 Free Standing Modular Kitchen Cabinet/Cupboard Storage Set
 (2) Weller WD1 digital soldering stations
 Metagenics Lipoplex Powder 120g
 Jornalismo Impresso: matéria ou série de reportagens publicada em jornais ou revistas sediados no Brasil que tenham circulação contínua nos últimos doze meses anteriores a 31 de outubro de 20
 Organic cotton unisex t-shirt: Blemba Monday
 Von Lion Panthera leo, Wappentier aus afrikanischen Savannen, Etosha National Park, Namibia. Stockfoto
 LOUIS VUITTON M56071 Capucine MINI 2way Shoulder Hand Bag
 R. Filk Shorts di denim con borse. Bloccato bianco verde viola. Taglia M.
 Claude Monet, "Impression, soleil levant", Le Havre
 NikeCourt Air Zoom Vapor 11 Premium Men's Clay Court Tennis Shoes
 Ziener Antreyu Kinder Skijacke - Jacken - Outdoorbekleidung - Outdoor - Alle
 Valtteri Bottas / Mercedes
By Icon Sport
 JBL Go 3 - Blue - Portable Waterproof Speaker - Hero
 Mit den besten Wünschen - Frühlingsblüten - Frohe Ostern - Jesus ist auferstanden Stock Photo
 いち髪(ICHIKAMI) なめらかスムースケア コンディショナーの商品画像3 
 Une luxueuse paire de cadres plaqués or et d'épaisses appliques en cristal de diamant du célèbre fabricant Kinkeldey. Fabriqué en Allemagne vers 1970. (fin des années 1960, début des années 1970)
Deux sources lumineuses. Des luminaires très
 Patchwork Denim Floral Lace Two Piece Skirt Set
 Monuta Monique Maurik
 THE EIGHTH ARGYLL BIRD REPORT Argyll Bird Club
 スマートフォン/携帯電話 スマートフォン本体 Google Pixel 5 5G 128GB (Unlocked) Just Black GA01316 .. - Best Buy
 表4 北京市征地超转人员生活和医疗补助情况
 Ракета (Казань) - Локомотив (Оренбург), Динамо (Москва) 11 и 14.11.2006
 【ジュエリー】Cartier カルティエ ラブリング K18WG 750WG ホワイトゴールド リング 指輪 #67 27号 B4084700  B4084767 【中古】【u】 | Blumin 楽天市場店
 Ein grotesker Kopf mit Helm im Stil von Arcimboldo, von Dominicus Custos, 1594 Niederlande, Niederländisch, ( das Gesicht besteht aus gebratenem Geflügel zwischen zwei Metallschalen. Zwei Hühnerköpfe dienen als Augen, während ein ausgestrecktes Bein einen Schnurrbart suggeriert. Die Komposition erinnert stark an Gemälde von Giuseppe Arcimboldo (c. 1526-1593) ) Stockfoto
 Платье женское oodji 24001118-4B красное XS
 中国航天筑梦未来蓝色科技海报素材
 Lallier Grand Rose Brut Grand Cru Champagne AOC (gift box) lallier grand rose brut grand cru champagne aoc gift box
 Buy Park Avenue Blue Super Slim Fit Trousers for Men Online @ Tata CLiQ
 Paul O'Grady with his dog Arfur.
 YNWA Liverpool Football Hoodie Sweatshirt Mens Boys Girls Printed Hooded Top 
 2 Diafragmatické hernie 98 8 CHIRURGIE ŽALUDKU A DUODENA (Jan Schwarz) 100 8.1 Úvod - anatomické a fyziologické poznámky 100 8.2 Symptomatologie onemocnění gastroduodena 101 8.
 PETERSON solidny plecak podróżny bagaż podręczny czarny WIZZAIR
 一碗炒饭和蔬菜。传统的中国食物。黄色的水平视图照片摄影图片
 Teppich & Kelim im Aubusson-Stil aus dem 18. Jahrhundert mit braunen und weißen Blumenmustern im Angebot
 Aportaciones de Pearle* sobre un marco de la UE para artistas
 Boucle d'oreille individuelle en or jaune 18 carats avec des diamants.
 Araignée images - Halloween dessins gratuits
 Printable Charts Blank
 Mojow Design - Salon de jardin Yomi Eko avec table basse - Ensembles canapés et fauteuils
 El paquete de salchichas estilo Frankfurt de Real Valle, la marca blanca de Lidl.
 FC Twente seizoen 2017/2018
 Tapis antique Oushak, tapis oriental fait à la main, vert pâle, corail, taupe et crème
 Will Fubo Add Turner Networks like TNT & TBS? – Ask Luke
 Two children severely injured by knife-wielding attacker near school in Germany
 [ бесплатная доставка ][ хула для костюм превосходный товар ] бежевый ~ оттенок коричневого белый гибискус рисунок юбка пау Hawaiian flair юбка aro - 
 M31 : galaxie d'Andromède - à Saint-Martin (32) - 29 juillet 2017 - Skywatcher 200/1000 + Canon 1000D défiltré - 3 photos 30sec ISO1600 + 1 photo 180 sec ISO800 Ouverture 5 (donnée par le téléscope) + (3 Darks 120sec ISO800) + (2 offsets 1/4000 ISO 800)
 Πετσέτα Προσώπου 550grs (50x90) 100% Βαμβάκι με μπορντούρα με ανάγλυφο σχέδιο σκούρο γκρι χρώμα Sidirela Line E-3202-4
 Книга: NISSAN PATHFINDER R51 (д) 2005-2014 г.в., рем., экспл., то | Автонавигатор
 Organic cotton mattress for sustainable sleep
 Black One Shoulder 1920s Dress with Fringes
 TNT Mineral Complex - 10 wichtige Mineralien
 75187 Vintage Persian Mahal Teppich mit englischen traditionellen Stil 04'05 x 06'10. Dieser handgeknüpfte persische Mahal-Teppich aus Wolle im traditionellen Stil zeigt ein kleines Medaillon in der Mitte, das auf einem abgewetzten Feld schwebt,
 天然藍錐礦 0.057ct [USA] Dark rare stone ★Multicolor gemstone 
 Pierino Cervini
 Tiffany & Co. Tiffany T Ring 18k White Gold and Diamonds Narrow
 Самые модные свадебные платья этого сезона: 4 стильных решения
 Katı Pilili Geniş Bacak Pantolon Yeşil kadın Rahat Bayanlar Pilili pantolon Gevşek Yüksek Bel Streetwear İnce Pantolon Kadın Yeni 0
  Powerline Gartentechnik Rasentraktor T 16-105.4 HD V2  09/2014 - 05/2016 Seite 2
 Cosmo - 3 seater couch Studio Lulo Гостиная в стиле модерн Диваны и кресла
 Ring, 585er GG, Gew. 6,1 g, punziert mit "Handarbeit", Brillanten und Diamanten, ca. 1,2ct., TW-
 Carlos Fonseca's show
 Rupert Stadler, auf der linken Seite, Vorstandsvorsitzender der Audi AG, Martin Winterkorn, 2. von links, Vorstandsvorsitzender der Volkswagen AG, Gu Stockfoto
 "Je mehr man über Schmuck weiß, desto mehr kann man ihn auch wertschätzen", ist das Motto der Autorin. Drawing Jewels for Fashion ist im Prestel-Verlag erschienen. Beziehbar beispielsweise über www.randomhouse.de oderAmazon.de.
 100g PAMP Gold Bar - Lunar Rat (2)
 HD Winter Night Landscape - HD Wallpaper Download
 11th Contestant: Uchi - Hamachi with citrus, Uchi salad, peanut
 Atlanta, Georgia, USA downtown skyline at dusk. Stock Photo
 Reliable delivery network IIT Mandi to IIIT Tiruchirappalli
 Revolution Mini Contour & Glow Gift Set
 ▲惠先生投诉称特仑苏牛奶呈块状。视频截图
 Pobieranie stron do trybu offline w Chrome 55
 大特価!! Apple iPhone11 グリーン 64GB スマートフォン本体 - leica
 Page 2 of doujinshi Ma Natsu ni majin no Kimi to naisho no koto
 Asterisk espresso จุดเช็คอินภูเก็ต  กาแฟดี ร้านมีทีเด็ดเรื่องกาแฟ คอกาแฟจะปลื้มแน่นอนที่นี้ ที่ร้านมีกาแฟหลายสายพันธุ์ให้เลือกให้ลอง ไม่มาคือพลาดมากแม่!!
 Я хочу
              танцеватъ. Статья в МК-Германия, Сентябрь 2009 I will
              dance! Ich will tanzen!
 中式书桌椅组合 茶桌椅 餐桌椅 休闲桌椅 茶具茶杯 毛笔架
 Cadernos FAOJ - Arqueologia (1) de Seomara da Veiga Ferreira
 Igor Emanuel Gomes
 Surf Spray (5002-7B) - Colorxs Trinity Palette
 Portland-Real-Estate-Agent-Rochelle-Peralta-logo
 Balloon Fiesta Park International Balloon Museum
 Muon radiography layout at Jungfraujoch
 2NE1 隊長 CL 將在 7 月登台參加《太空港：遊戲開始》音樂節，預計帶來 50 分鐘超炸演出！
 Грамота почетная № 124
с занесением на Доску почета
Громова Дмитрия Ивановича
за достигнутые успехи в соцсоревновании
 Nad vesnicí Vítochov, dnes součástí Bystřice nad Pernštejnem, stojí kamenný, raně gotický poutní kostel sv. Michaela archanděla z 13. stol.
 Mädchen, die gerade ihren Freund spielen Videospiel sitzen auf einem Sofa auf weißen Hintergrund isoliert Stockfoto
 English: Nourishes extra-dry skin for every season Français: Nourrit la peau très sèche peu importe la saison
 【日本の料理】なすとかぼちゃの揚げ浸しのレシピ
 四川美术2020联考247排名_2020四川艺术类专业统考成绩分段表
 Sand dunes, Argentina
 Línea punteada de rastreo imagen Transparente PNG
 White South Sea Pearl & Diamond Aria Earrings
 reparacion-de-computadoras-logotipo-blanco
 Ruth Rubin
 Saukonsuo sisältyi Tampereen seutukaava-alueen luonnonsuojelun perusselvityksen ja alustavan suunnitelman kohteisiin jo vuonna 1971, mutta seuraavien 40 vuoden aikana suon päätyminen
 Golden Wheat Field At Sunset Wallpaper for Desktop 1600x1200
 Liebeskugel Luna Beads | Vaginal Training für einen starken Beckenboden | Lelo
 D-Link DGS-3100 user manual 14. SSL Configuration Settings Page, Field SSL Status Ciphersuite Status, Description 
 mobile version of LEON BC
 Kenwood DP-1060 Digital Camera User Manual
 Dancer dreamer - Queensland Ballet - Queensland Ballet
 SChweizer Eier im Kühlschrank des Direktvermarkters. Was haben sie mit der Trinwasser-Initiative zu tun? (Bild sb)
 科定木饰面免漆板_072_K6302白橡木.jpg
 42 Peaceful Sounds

━━━━━━━━━━

## What the task requires:
Transcribe, exactly and without additions, the lines of the records above, beginning with the line that contains "11th Contestant: Uchi" and ending with the line that contains "中式书桌椅组合 茶桌椅 餐桌椅 休闲桌椅 茶具茶杯 毛笔架", both included.

## Worked solution:
 11th Contestant: Uchi - Hamachi with citrus, Uchi salad, peanut
 Atlanta, Georgia, USA downtown skyline at dusk. Stock Photo
 Reliable delivery network IIT Mandi to IIIT Tiruchirappalli
 Revolution Mini Contour & Glow Gift Set
 ▲惠先生投诉称特仑苏牛奶呈块状。视频截图
 Pobieranie stron do trybu offline w Chrome 55
 大特価!! Apple iPhone11 グリーン 64GB スマートフォン本体 - leica
 Page 2 of doujinshi Ma Natsu ni majin no Kimi to naisho no koto
 Asterisk espresso จุดเช็คอินภูเก็ต  กาแฟดี ร้านมีทีเด็ดเรื่องกาแฟ คอกาแฟจะปลื้มแน่นอนที่นี้ ที่ร้านมีกาแฟหลายสายพันธุ์ให้เลือกให้ลอง ไม่มาคือพลาดมากแม่!!
 Я хочу
              танцеватъ. Статья в МК-Германия, Сентябрь 2009 I will
              dance! Ich will tanzen!
 中式书桌椅组合 茶桌椅 餐桌椅 休闲桌椅 茶具茶杯 毛笔架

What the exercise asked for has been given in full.